Depois de mais um namoro fracassado, Álex resolve telefonar e dizer poucas e boas para o ex. Mas o recado cai na secretária eletrônica de Bruno. Ao se conhecerem pessoalmente, apesar das muitas diferenças entre eles, uma conexão acontece. 

Mas em uma troca de mensagens, um emoji de um sorriso (smiley), que poderia fazer a relação decolar, é interpretado de forma inesperada. Aí o romance não só estaciona, como parece dar marcha à ré.  


A falta de comunicação entre os casais dá a tônica da série, seja realçando dramas, ou divertindo o espectador. A rotina que afasta marido e mulher um do outro - e também de atividades que gostam - ampliando o abismo da falta de diálogo, encontra remédio na conversa. 

Os textos de apresentação nos sites de relacionamento, incapazes de explicar a complexidade humana, mostram com humor que precisamos nos expressar melhor e também dar essa chance aos outros. Comunicação clara (e não só por emojis). 


A apresentação de relacionamentos LGBTQIA+ não deixa de lado a militância. Com sutileza e talento, pautas como a interiorização da liberação feminina por mulheres lésbicas, os medos da população gay e os preconceitos dentro da própria comunidade estão lá.
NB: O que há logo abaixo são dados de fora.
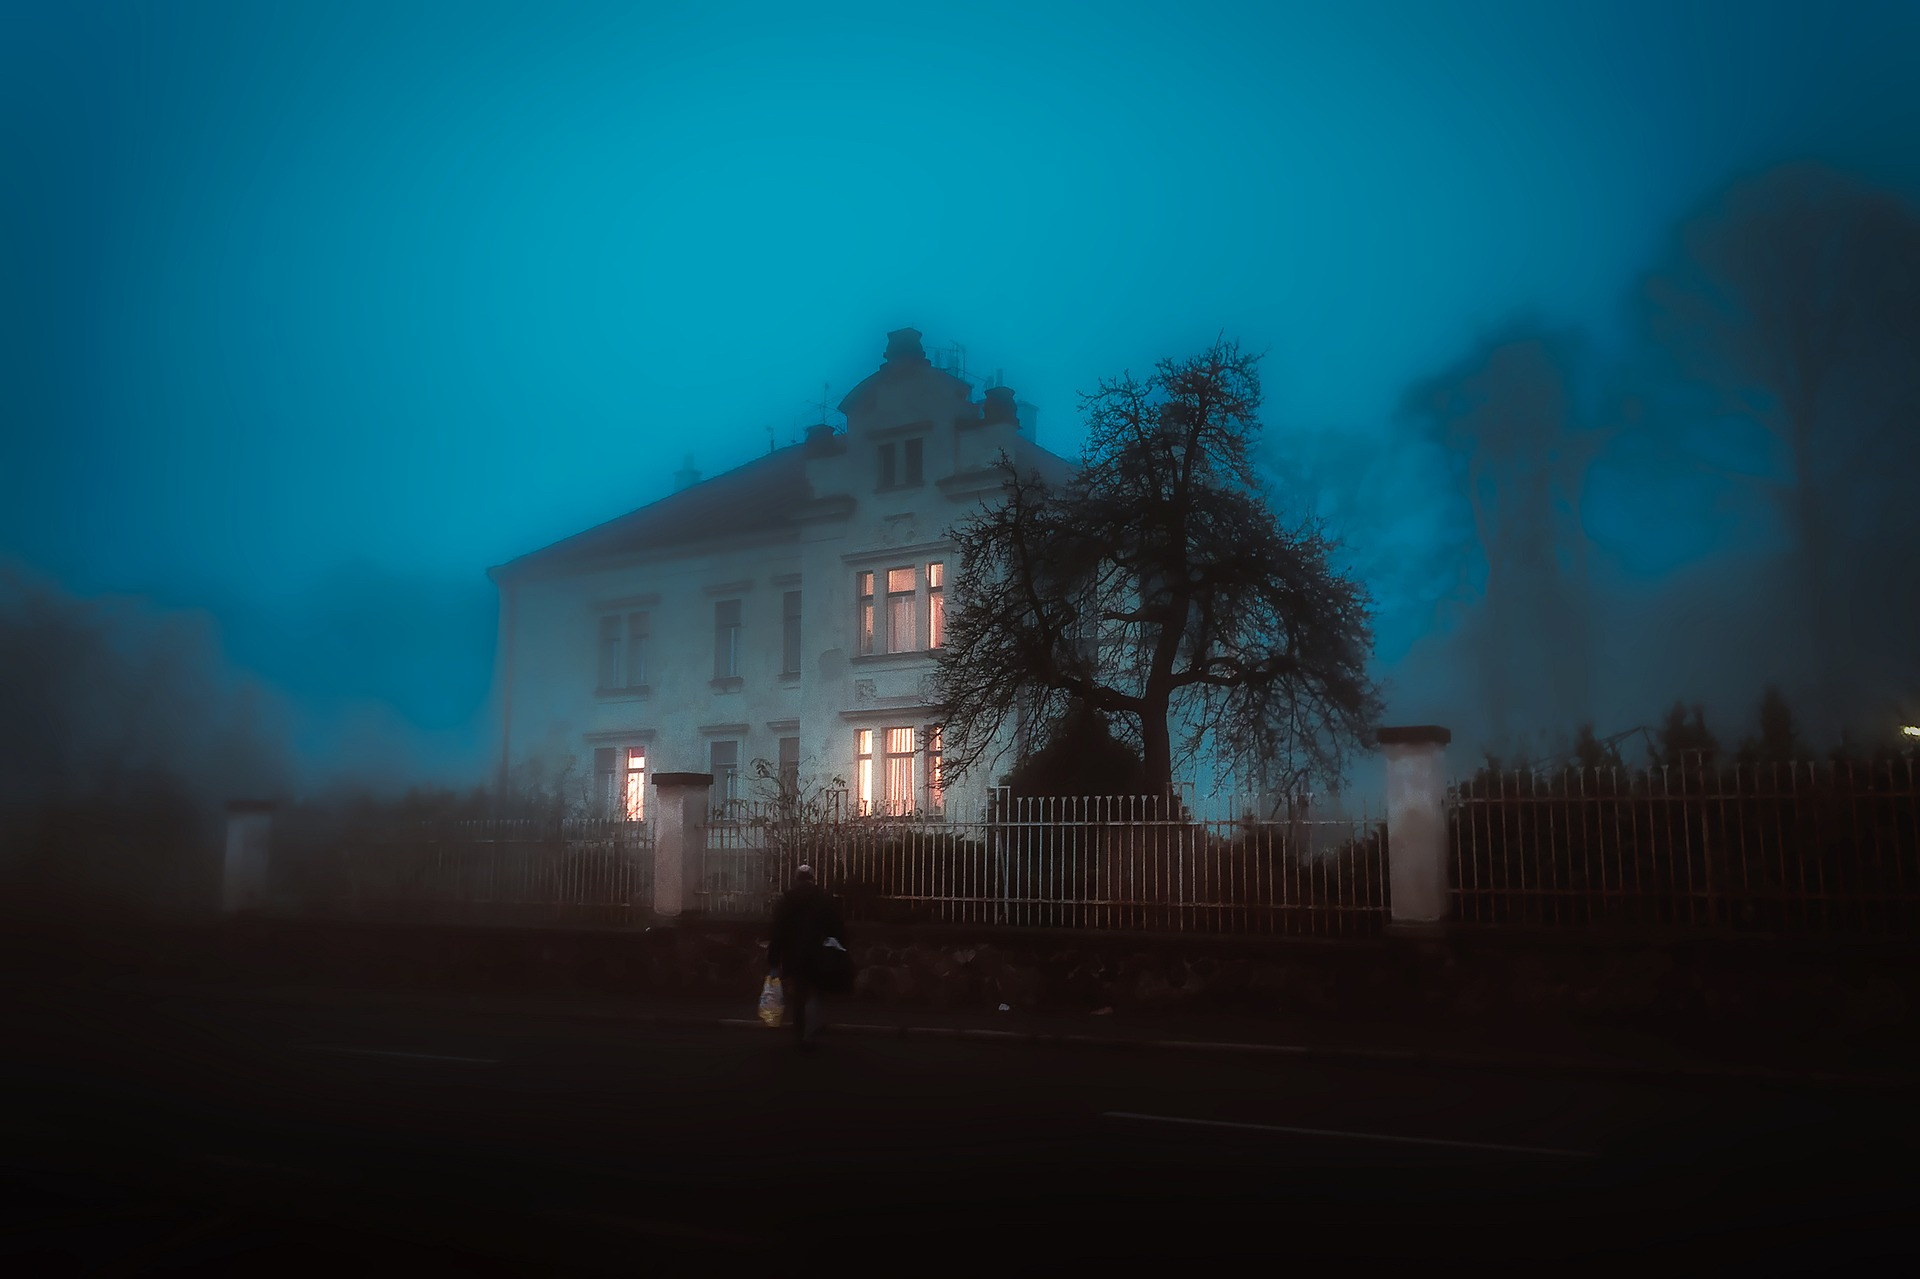 house-1901147_1920.jpg
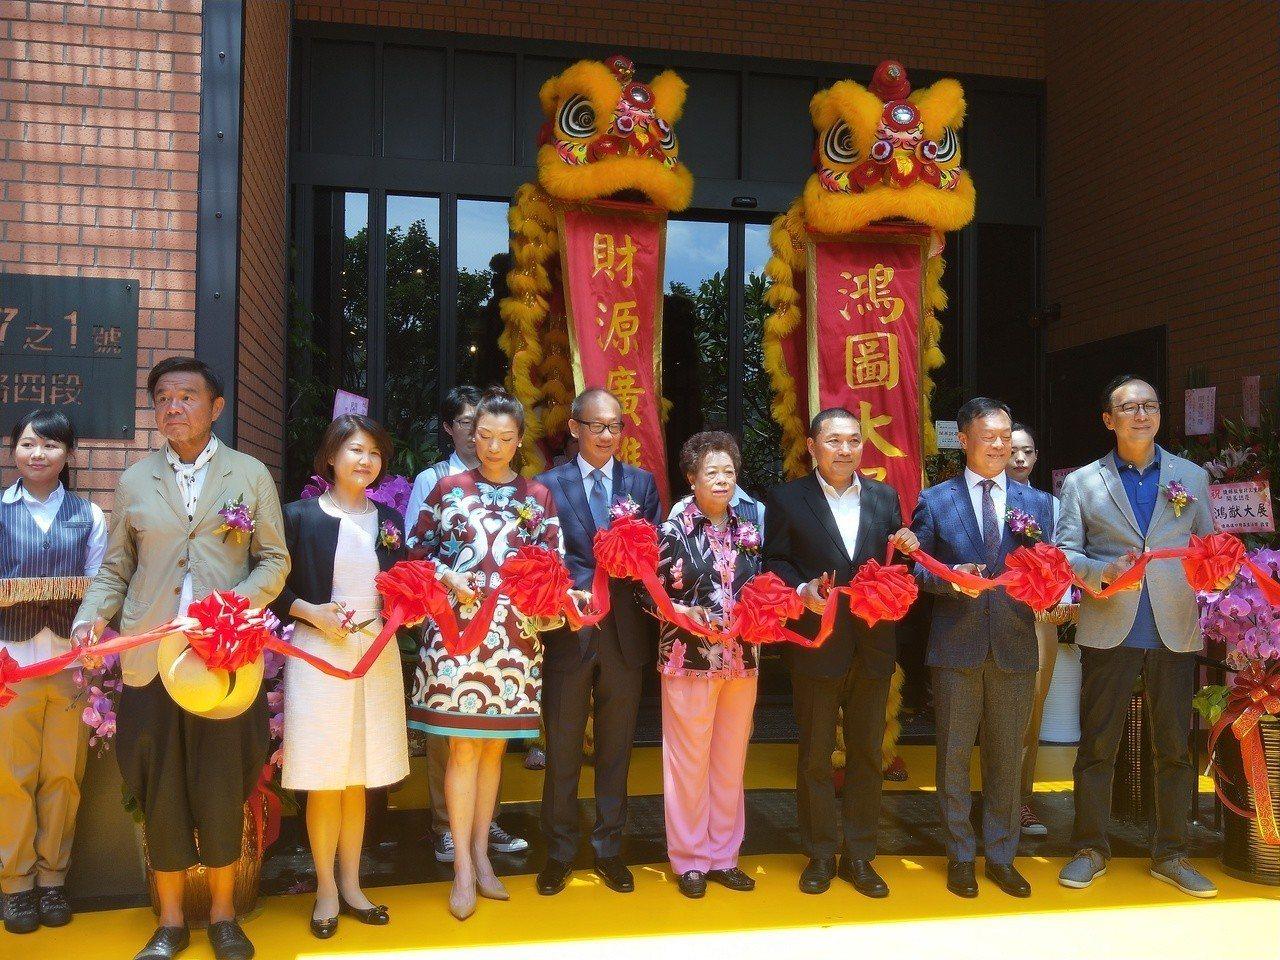 晶華連鎖飯店捷絲旅三重館今開幕,負責人是前立委朱俊曉。記者施鴻基/攝影

E promovem a reflexão para que não se tornem muros, e sim pontes que nos aproximem. 

O receio de assumir quem se é de verdade, de revelar sentimentos, e dar como certa a ideia de que envelhecer impede a construção de novos laços, nos tornando feios e incapazes de despertar desejo são questionados e respondidos com firmeza e também doçura. 


Um leve suspense também marca presença. A mãe do protagonista recebe a visita de um velho conhecido. As conversas pouco reveladoras entre eles vão criando um clima que não permite saber o que aconteceu anos atrás e muito menos qual será o desfecho dessa história. Mas a resposta vem. 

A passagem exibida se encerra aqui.